* Directions for this task *
When you reproduce the data, keep every word exactly as it stands and leave the pictures out.

* Given data *
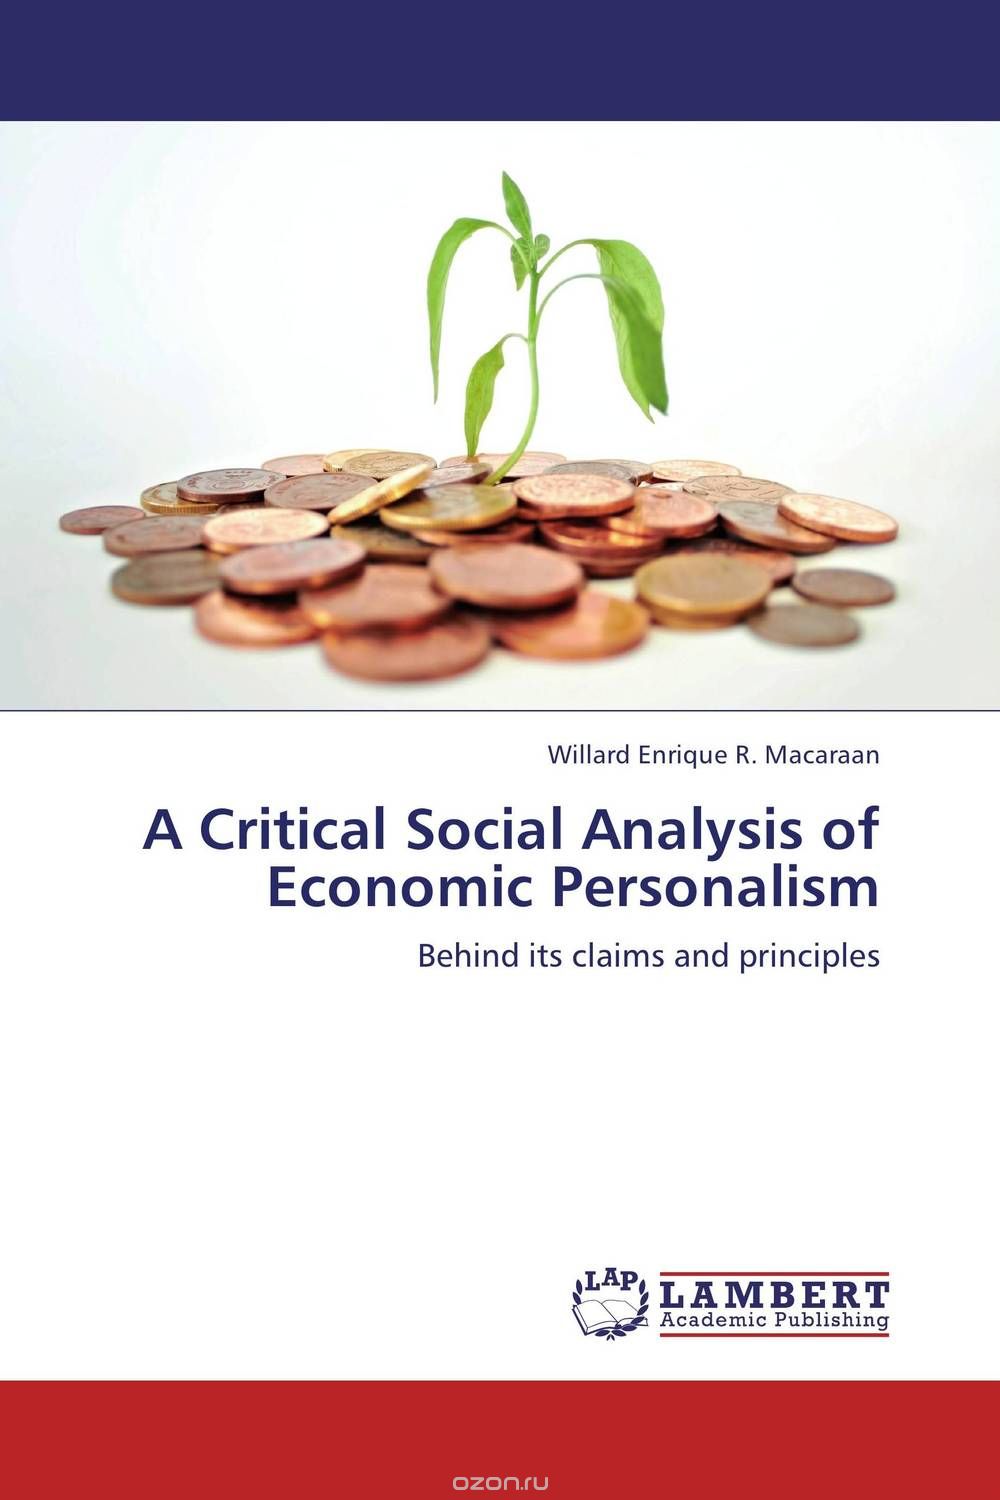 Скачать книгу "A Critical Social Analysis of Economic Personalism"
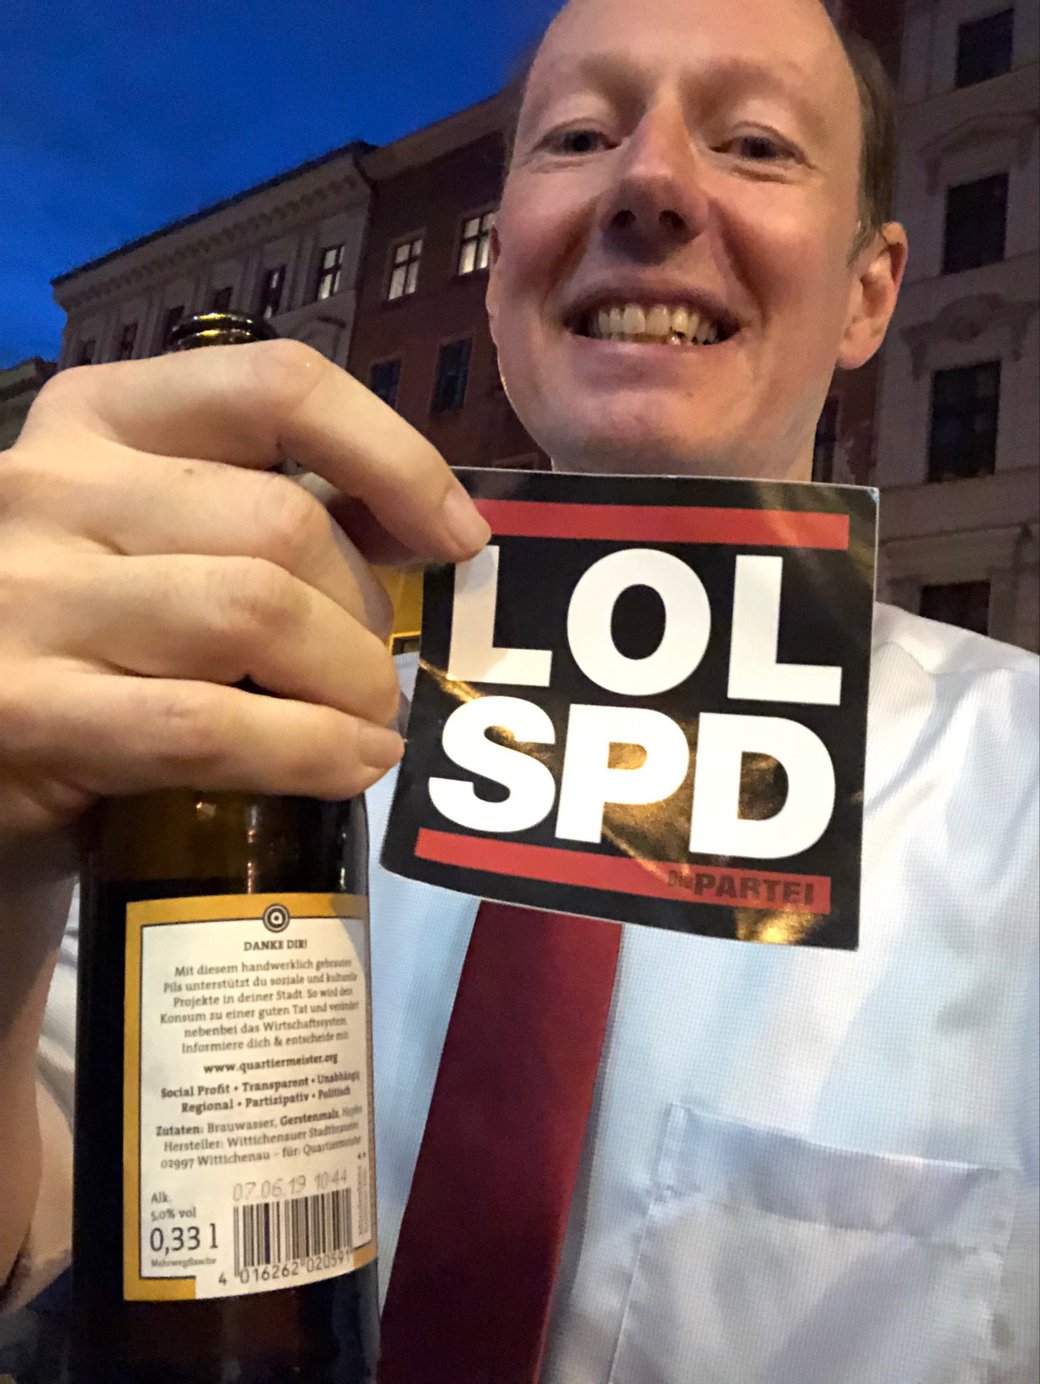 LOL SPD #diepartei
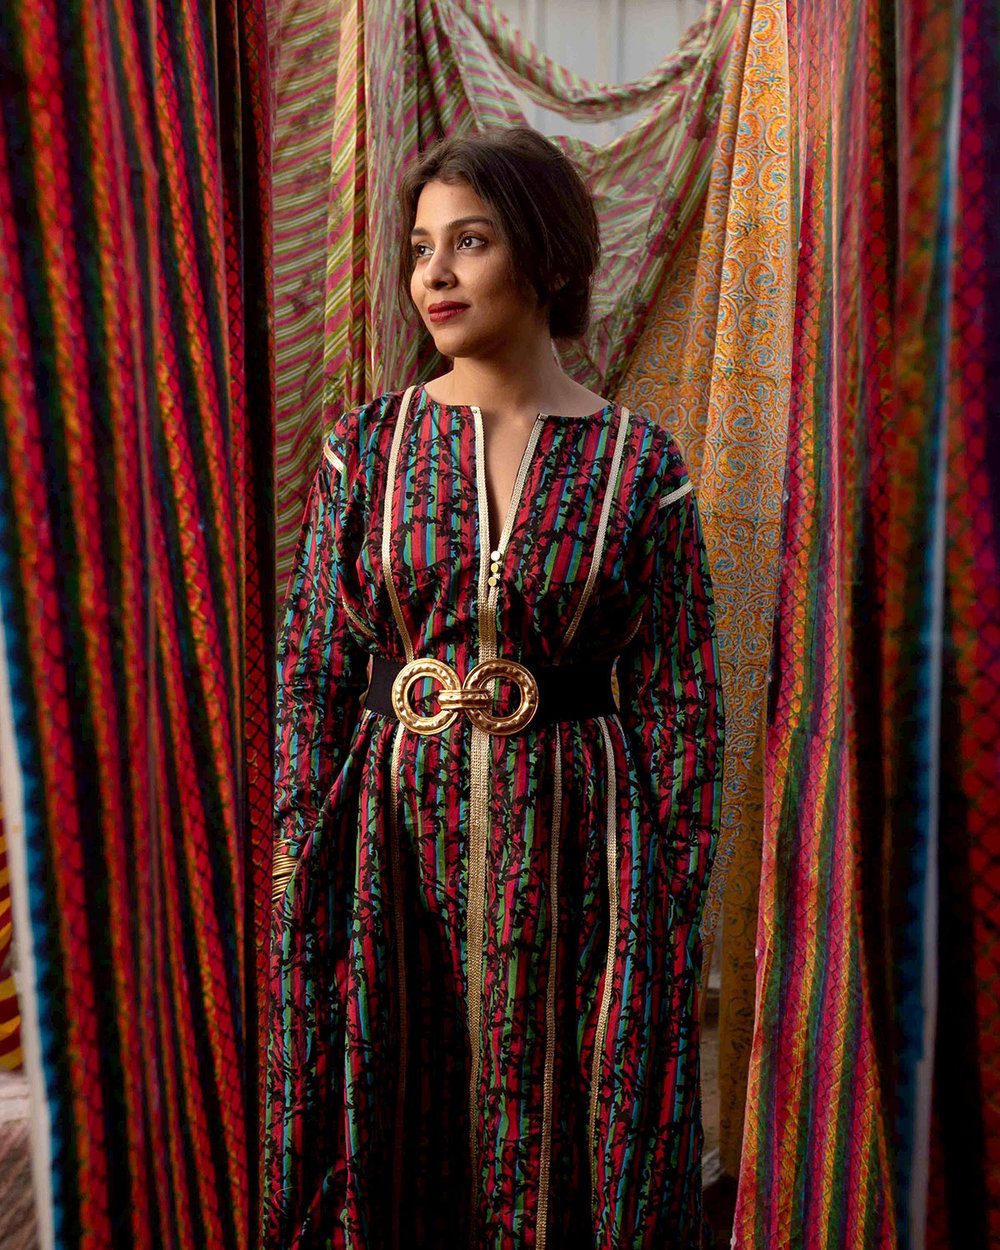 Shaivyya Gupta stands among drying sheets of block-printed textiles.

* Reply *
 Скачать книгу "A Critical Social Analysis of Economic Personalism"
 LOL SPD #diepartei
 Shaivyya Gupta stands among drying sheets of block-printed textiles.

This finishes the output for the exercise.